Question

A roadrunner at rest suddenly spots a rattlesnake slithering directly away at a constant speed of 0.75 m/s. At the moment the snake is 10. Meters from the bird, the roadrunner starts chasing it with a constant acceleration of 1.0 m/s^2. How long will it take the roadrunner to catch up to the snake?

Answer 1

The roadrunner will take approximately 5.285 seconds to catch up to the rattlesnake.

Step-by-step explanation:

From the statement we notice that:

1) Rattlesnake moves a constant speed (
`v_(S) = 0.75\,(m)/(s)`), whereas the roadrunner accelerates uniformly from rest. (
`v_(o, R) = 0\,(m)/(s)`,
`a = 1\,(m)/(s^(2))`)

2) Initial distance between the roadrunner and rattlesnake is 10 meters. (
`x_(o, R) = 0\,m`,
`x_(o,S) = 10\,m`)

3) The roadrunner catches up to the snake at the end. (
`x_(S) = x_(R)`)

Now we construct kinematic expression for each animal:

Rattlesnake

`x_(S) = x_(o,S)+v_(S)\cdot t`

Where:

`x_(o, S)` - Initial position of the rattlesnake, measured in meters.

`x_(S)` - Final position of the rattlesnake, measured in meters.

`v_(S)` - Speed of the rattlesnake, measured in meters per second.

`t` - Time, measured in seconds.

Roadrunner

`x_(R) = x_(o,R) +v_(o,R)\cdot t +(1)/(2)\cdot a\cdot t^(2)`

Where:

`x_(o, R)` - Initial position of the roadrunner, measured in meters.

`x_(R)` - Final position of the roadrunner, measured in meters.

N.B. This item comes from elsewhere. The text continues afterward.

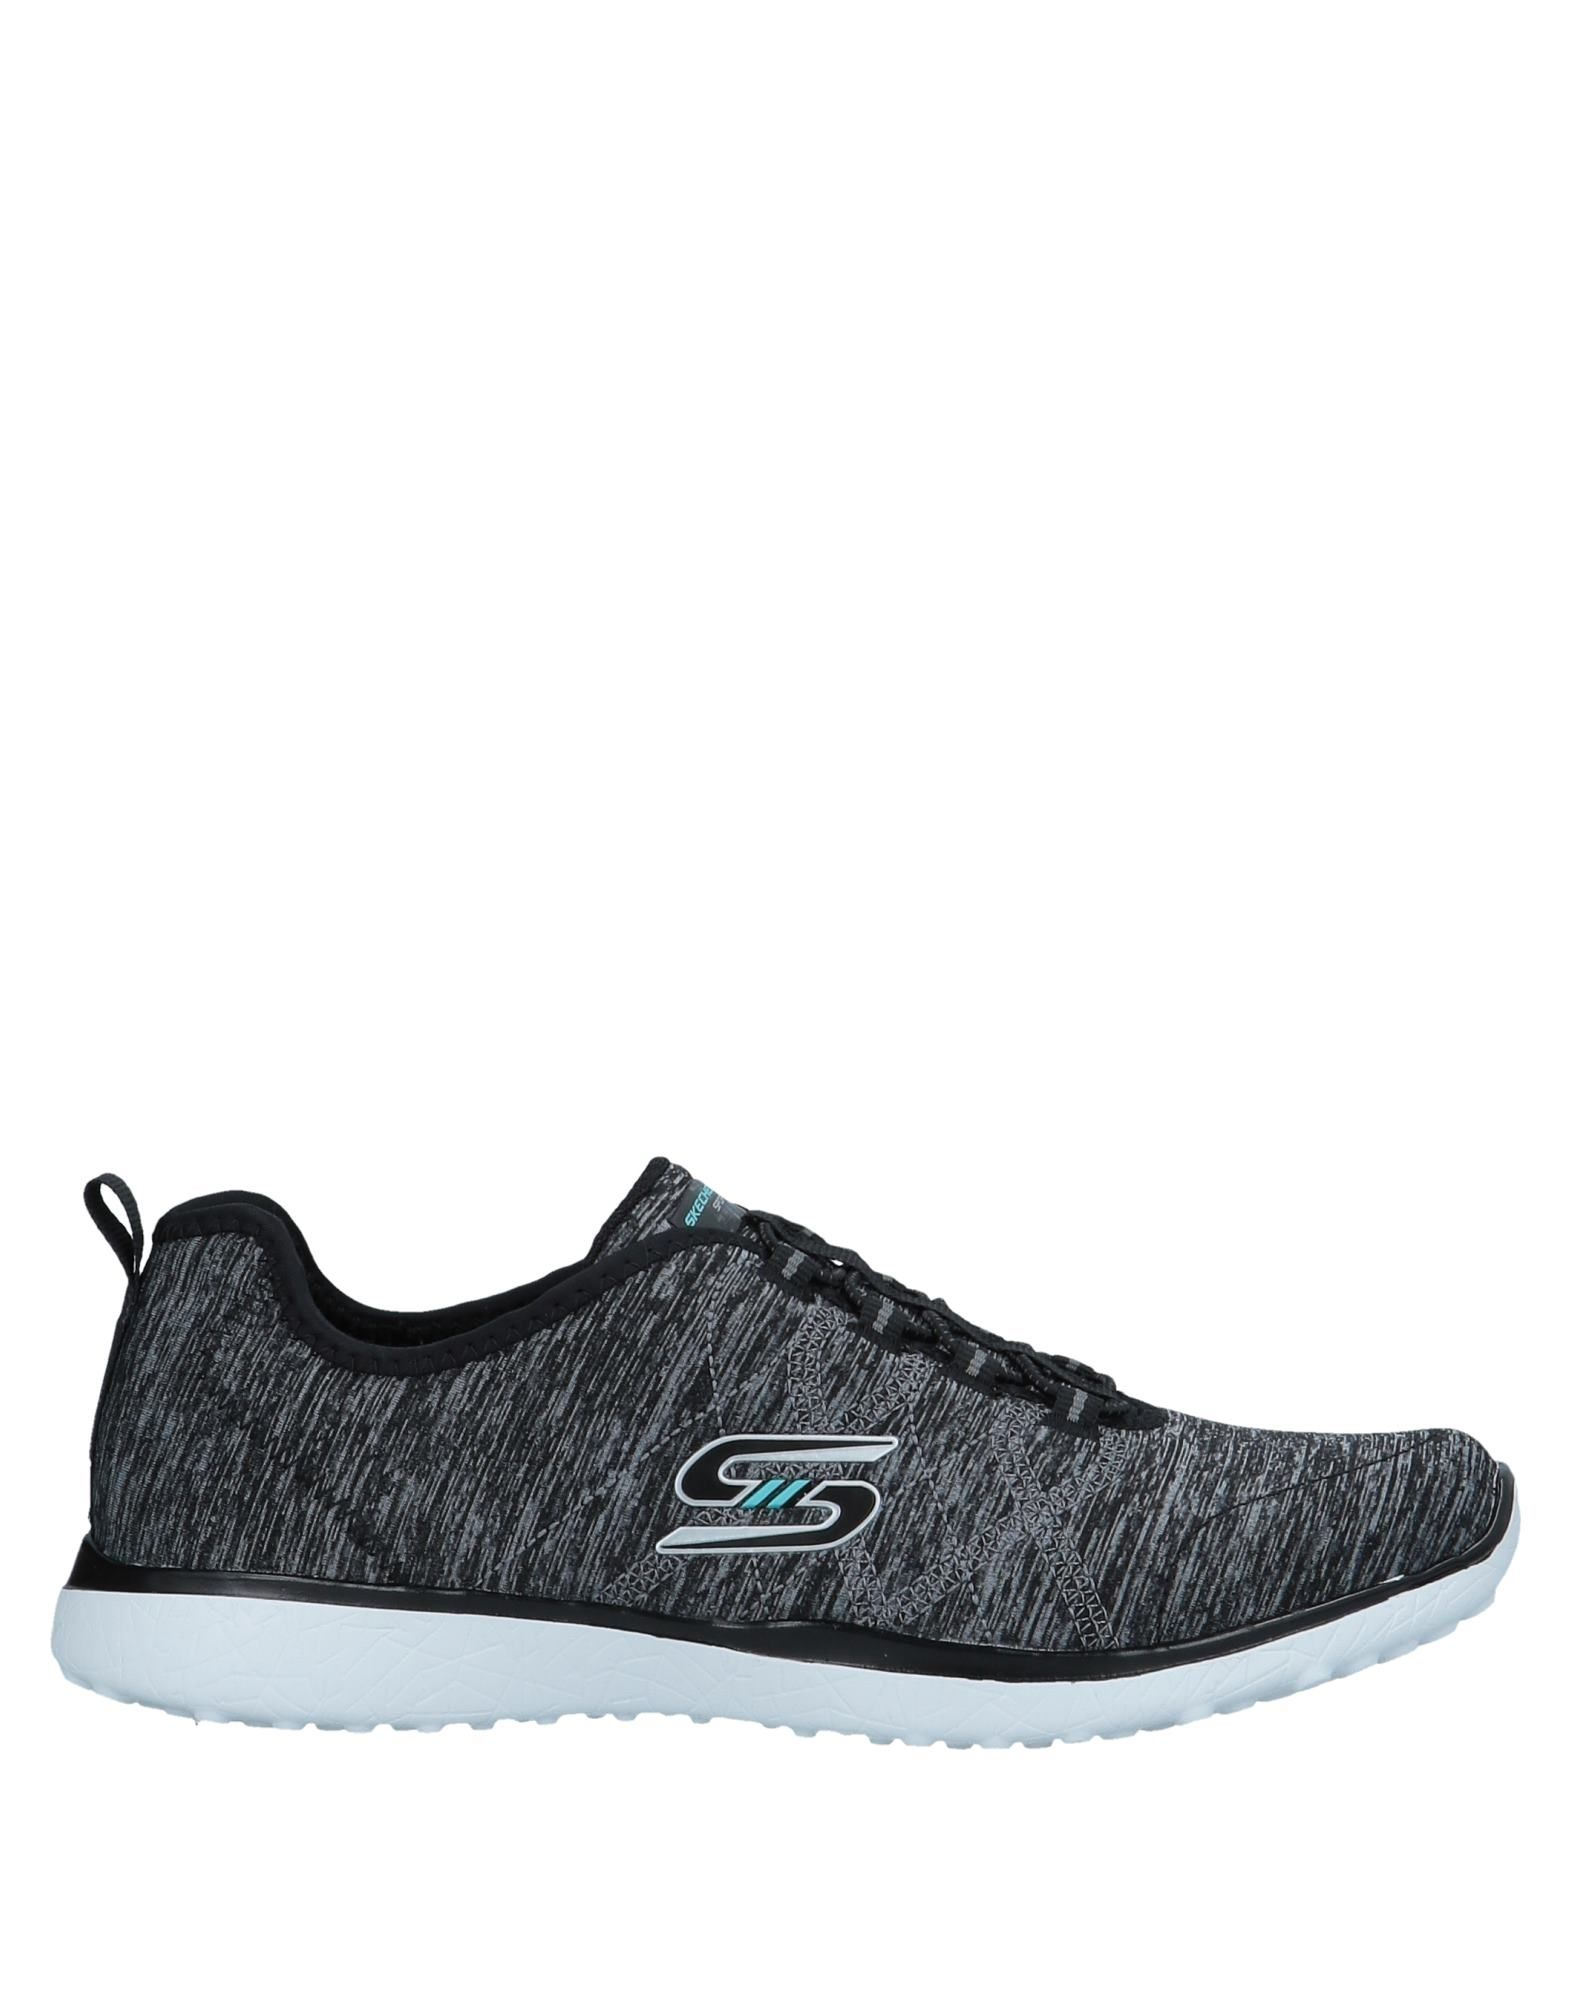 Skechers Sneakers Damen Damen Sneakers  11554743WA  59c103
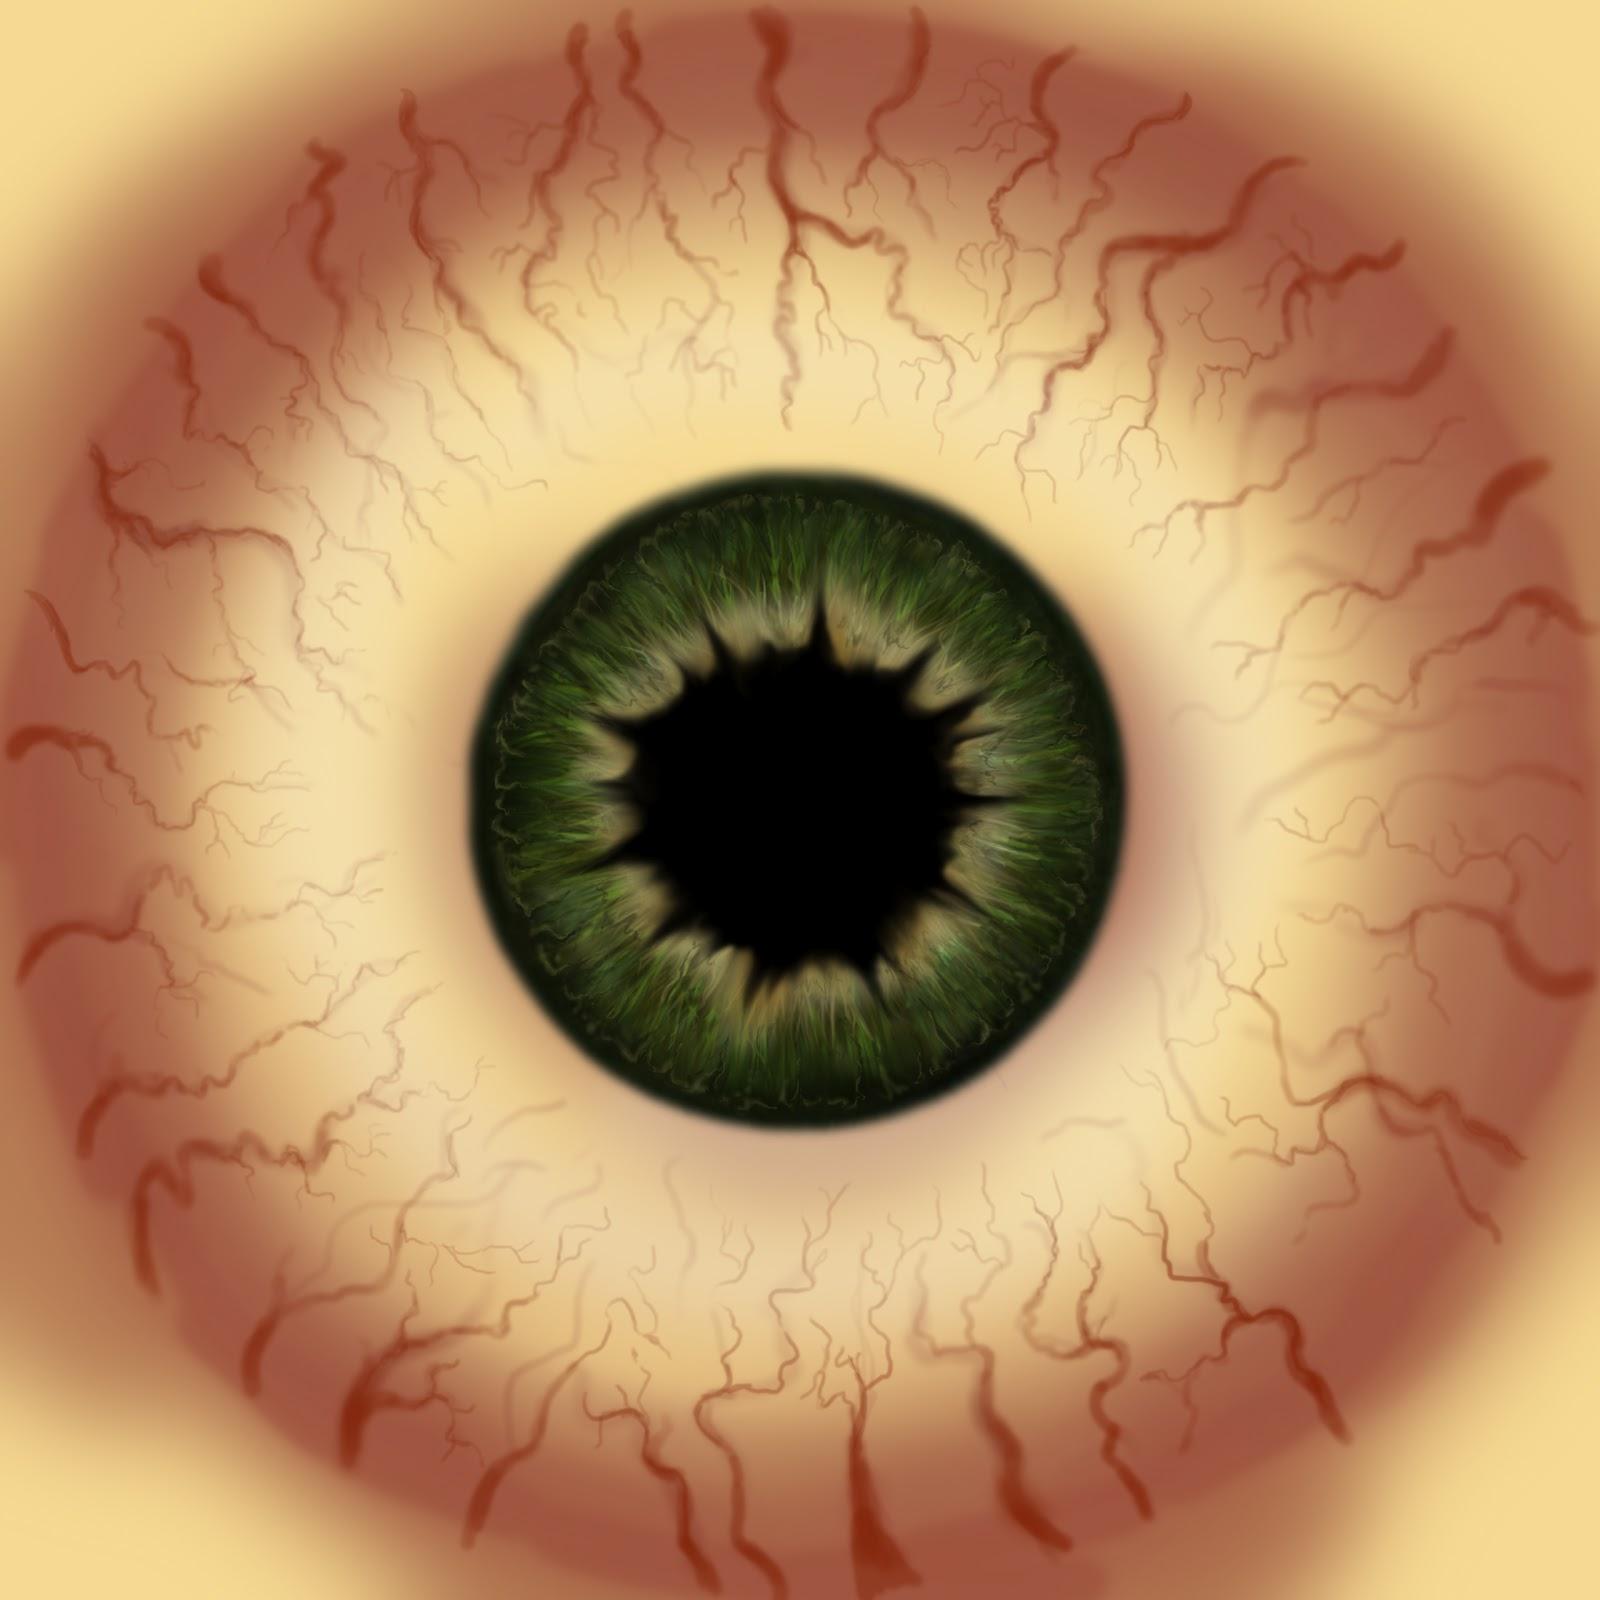 textura_olho_verde___green_eye_texture_by_axelmuller ...

`v_(o,R)` - Initial speed of the roadrunner, measured in meters per second.

`a` - Acceleration of the roadrunner, measured in meters per square second.

`t` - Time, measured in seconds.

By eliminating the final positions of both creatures, we get the resulting quadratic function:

`x_(o,S)+v_(S)\cdot t = x_(o,R)+v_(o,R)\cdot t +(1)/(2)\cdot a \cdot t^(2)`

`(1)/(2)\cdot a \cdot t^(2) + (v_(o,R)-v_(S))\cdot t + (x_(o,R)-x_(o,S)) = 0`

If we know that
`a = 1\,(m)/(s^(2))`,
`v_(o, R) = 0\,(m)/(s)`,
`v_(S) = 0.75\,(m)/(s)`,
`x_(o, R) = 0\,m` and
`x_(o,S) = 10\,m`, the resulting expression is:

`0.5\cdot t^(2)-0.75\cdot t -10=0`

We can find its root via Quadratic Formula:

`t_(1,2) = \frac{-(-0.75)\pm \sqrt{(-0.75)^(2)-4\cdot (0.5)\cdot (-10)}}{2\cdot (0.5)}`

`t_(1,2) = (3)/(4)\pm (√(329))/(4)`

Roots are
`t_(1) \approx 5.285\,s` and
`t_(2)\approx -3.785\,s`, respectively. Both are valid mathematically, but only the first one is valid physically. Hence, the roadrunner will take approximately 5.285 seconds to catch up to the rattlesnake.